# Tool Tip - Electric Wire Stripper



## coolidge (Apr 17, 2015)

I don't know if you guys have seen these before but its great when it comes to stripping wire without damaging it, or tougher insulations like Teflon which are dang near impossible to strip with regular wire strippers.


----------



## Franko (Apr 17, 2015)

I never saw one. How does it work?


----------



## RJSakowski (Apr 17, 2015)

They are cool "hot "tools.  I don't have one but when I have to strip insulation on fine wire, I use my soldering iron.  I just touch the iron on either side of the wire and  pinch the insulation immediately with my fingernails and pull.  No nicked or broken wires.


----------



## coolidge (Apr 18, 2015)

That's a wedged shaped heating element on the end, insert the wire into the heating element, you can use that black stop to adjust how much wire you want to strip if you are stripping a bunch of wires, you press the red button and it heats up red hot, about a half turn on the wire and the heating element slices through the insulation. If the stripped insulation gets stuck you press that other red button and it flicks it off.


----------



## LEEQ (Apr 18, 2015)

I got something like that at the gas station for just over a dollar. Bic was the brand. Works for me. I do like the fancy stripper though.
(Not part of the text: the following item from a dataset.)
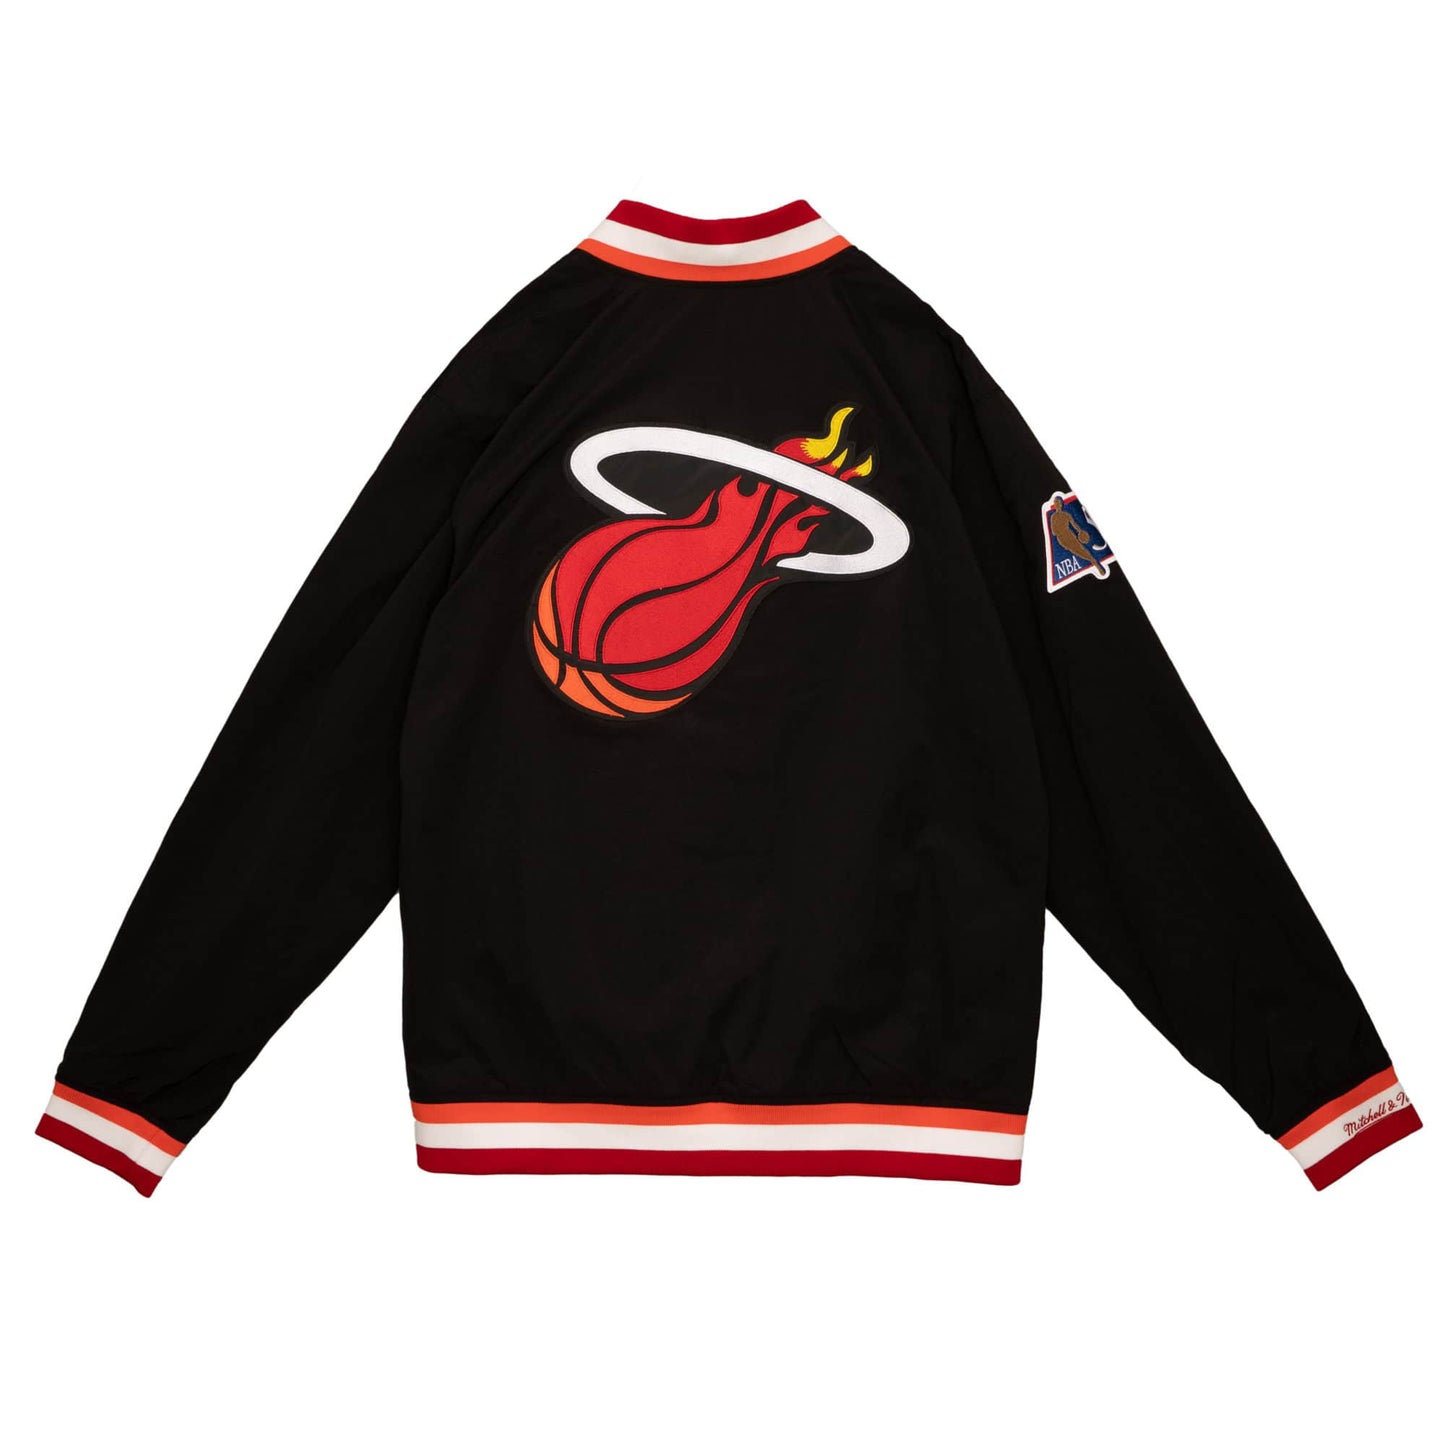 Authentic Warm Up Jacket Miami Heat 1996-97

When I win the lottery maybe I will hav one on the electrical bench in my beautiful new shop.


----------



## hman (Apr 28, 2015)

Looks like they should work very well.  I'm ALWAYS concerned about nicking the wire when using regular wire strippers or an Xacto blade.  Nick solid copper, and you have a place for it to break when flexed.  Nick stranded, and you might have stray conductive "hairs" that love to get into the wrong places.

My only concern would be the fumes.  Teflon especially will produce some real nasties.  PVC fumes, if nothing else, will be irritating.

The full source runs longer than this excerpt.